En Bulgarie il y a deux variétés de l’instument-une basse ‘kaba’ qui provient de la montagne, et une haute ‘djura’ qu’on utilise pour les mariages. Il y a des données historiques parlant d’une troisième variété malheureusement disparue appelé ‘dvoyanka’.
Ces écarts sont due aux différents résonnement de la cornemuse et sa dissémination.
La ressemblance entre les variétés est la structure de l’instrument. Cet instrument à vent est composé par les parties suivantes :

- chalumeau (gaidunitsa) c’est la partie la plus importante. Elle représente un tuyau de bois cylindrique qui a 8 trous pour les doights 7 sont du côté supérieur et la 8¨ème est de l’inférieur. Dans le premier trou du côté haut des trous supérieurs on met une plume de dindo ou de poule. Cette ouverture se nom ‘marmorka’ et influence le tembre de l’ instrument.
Les ouvertures des tons sont busqué et creusé pour qu’ils donnent un confort aux doights. La longueur du chalumeau est de 20 à 35 cm. Du côté supérieur prêt de la souche on met l’anche nommé aussi ‘stroyka’. L’anche est fait du roseau. C’est une petite tube bouchée d’un côté et qui est découpée sur ça longueur en formant une petite plaque (appelée langue). Cette petite plaque sent l’influence de l’air effectue des vibrations et de là provient le son de l’instrument. Le diapason est souvent de 9 tonnalité.
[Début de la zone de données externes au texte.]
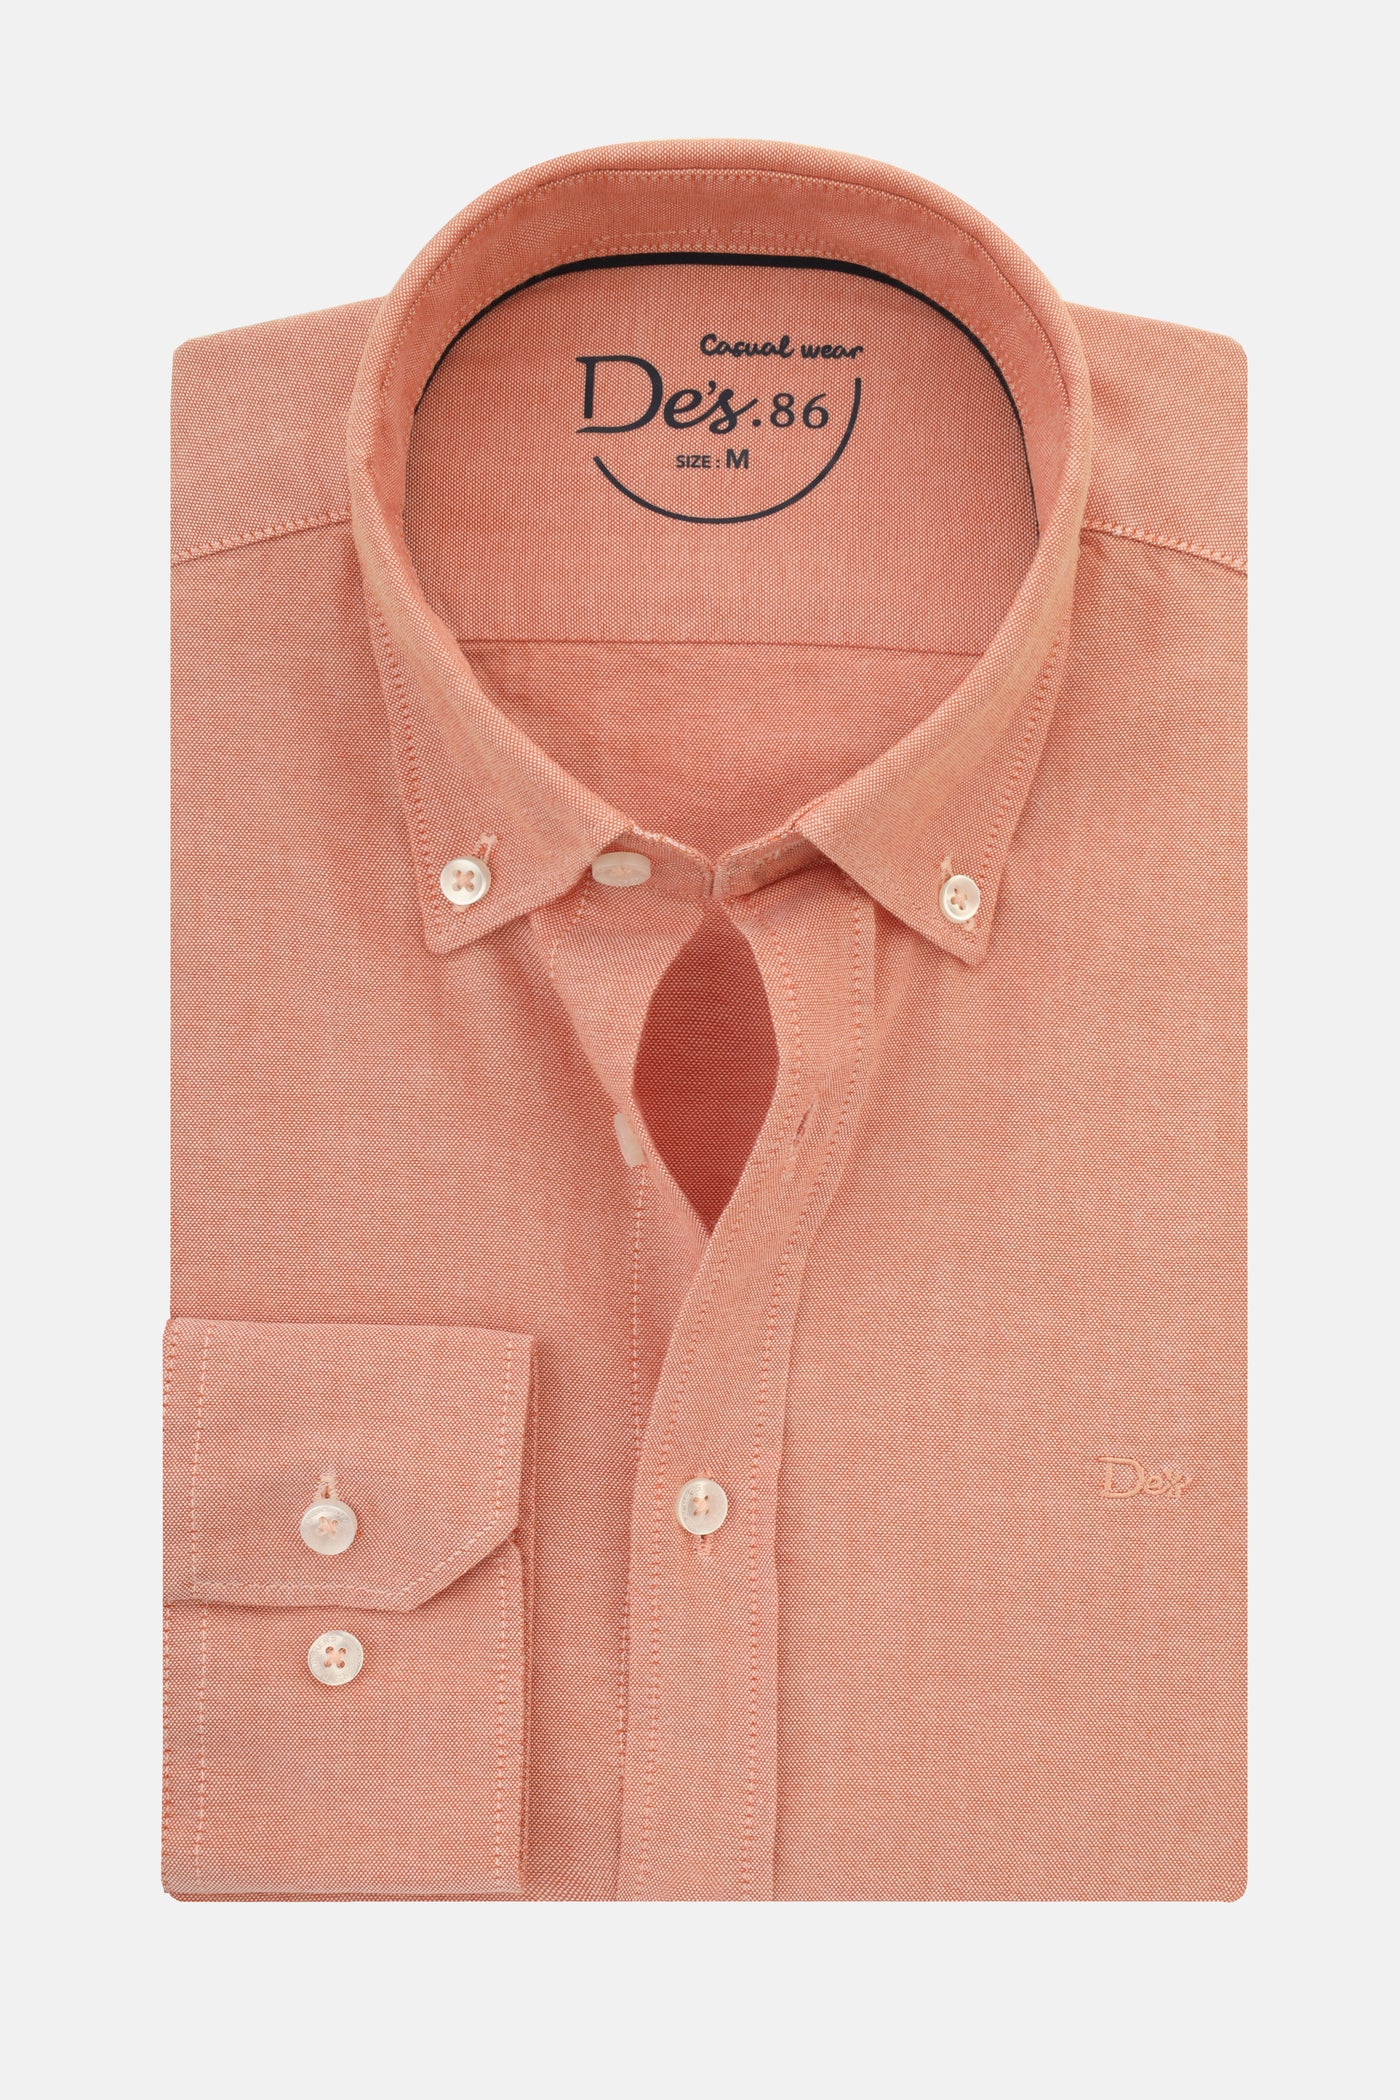 Solid Oxford Atomic Tangerine Cotton Casual Shirt

- bourdon (ruchilo), il contient 3 parties ou joints qui sont liés grâce aux fins petits coux conjonctifs dont les termes sont bobinés d’un fil. Dans le terme où on enfonce la souche on place l’anche qui est bien plus grand de celui du chalumeau. A la différence du chalumeau sur le bourdon il n’y a pas des trous pour les doights et il fait un seul ton bourdonnant. Ce ton donne à la cornemuse la sonnorité spécifique. On l’accord d’après le ton principal du chalumeau en raccorçant ou en allongeant son tuyau. Il a aussi la forme cylindrique et une dimension de 50 cm.
- porte-vent (douhalo) - d’habitude c’est un tuyau uniarticulé conique de bois ou de corne. Il est fixé sur l’une des souches et serve à enfoncer l’air dans la poche. A l’inférieur de la souche il y a un clef de peau qui ne permet pas à l’air du sac de sortir par le bourdon. Le chalumeau, le bourdon et le porte-vent sont des tuyaux en bois faitent de cournouiller, abricotier ou prunier.
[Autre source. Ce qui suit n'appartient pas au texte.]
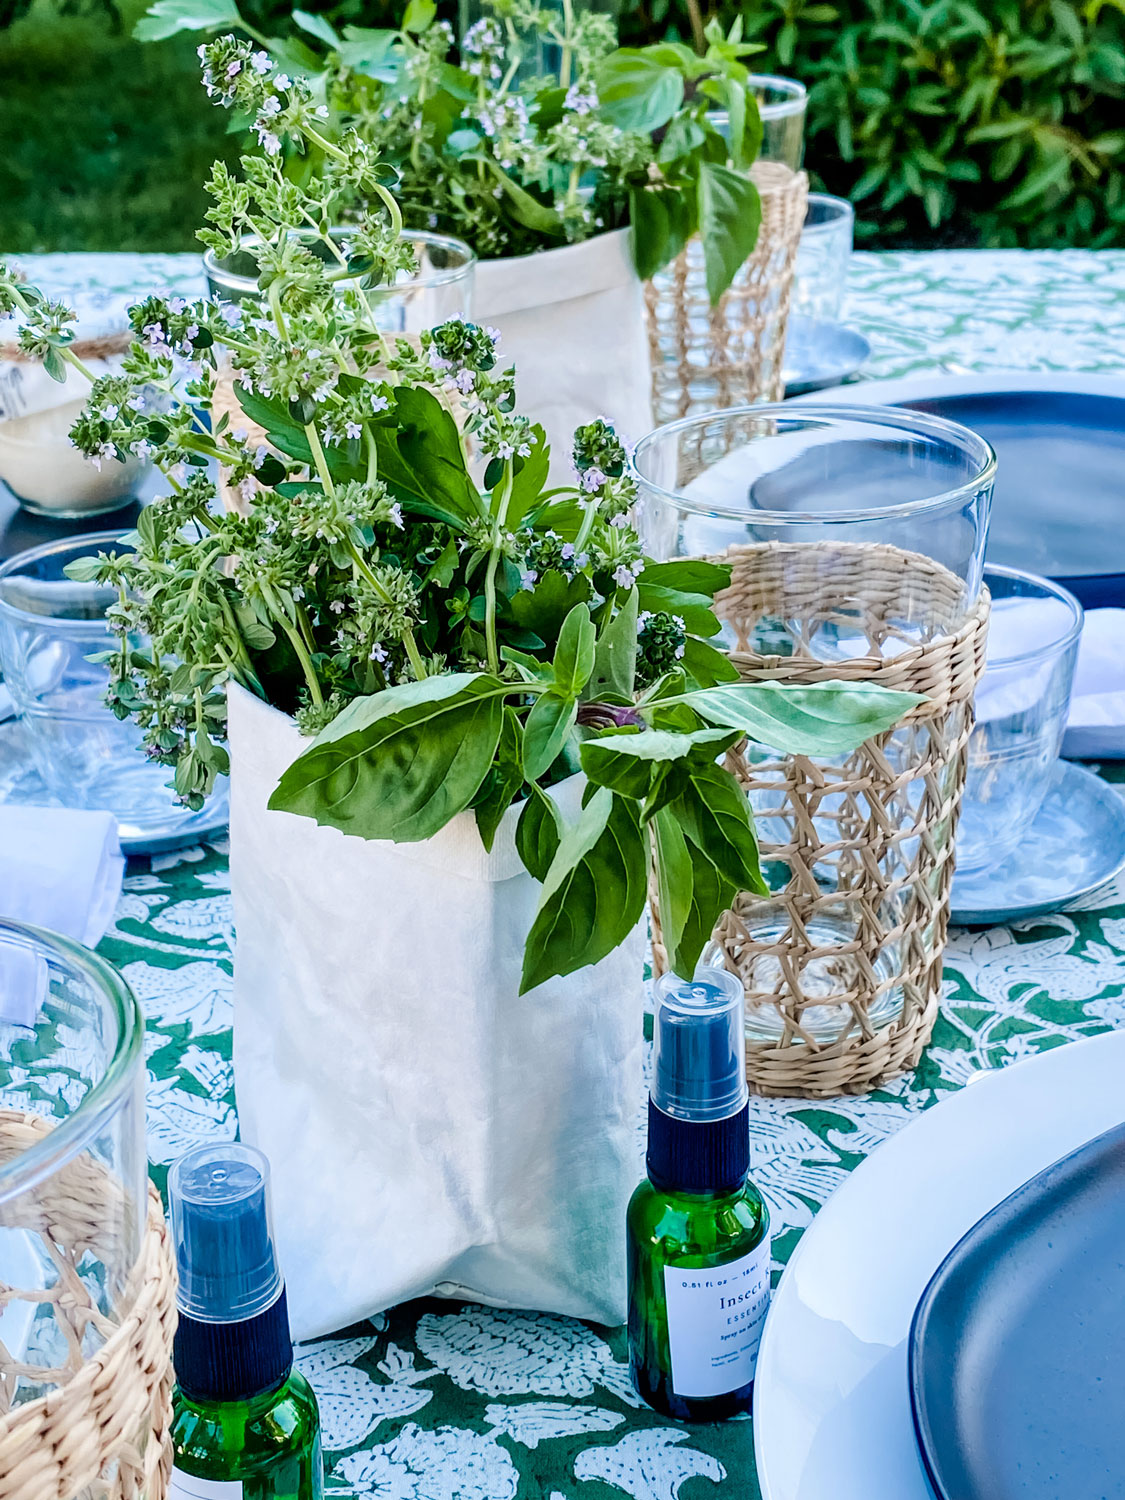 Small paper bags holding fresh herbs on the table as flowers

- souches (glavini) - ce sont des bagues en bois qui fixent le chalumeau, le bourdon et le porte-vent à la poche.
- sac/poche - c’est un réservoire d’air. L’interpréteur en pressent de son aisselle gauche pousse l’air vers les ouvertures du chalumeau et du bourdon. D’habitude le sac des petits cornemuses se fait de la peau d’un petit chevreau,et des grandes d’une petite chèvre ou d’un grand chevreau dont la peau est tondre et retourner de l’intérieur en avance.
Les différences entre les variétés de cornemuses sont dans la hauteur du ton principal et du résonnement du chalumeau des régions de dissémination. Les cornemuses les plus utilisés ‘kaba’ résonnent d’un ton principal ‘do’ ou ‘ré’ et les cornemuses ‘djura’ résonnent en ‘sol’.
La cornemuse ‘djura’ est instrument de fanfare. Elle résonne très mélodiquement et s’implique parfaitement dans la sonorité orchestral. En effect elle est populaire non seulement en Bulgarie aussi sur tout l’Europe de sud-est. La présence de l’instrument sur ces terres est attesté depuis le temps des Thraces (3ème siècle av.J.C) selon l’historicien greque Hérodotte, au cour d’un mariage durent lequel le roi même Cevt 3 joue à la variété arcaïque au nom de salpinkc-omoboeya.
Dans l’antiquité l’utilisation de l’instrument a été sacrale. Certains déterminent sa provenance des montagnes. On l’estime qu’il a été utilisé dans des différents mystères, rites, sacrifices et autres.
De nos jours l’instrument le répondue dans les Rhodopes est la cornemuse ‘kaba’. Elle continue à chauffer nos coeurs avec ses sons sur les terres mysthiques d’Orffé. Le son de cornemuse est accompagné par le son des cloches des trupeaux de grands et petits animaux doméstiques. Dans la production des cloches on ajoutait de l’argent pour obtenir un son plus aïgue et vibrant que l’on puisse l’entendre de très loin.
‘Kaba’ en langue turque veut dire gros, dense. C’est du ce son qu’on trouve le secret de la cornemuse appelé ‘kaba’.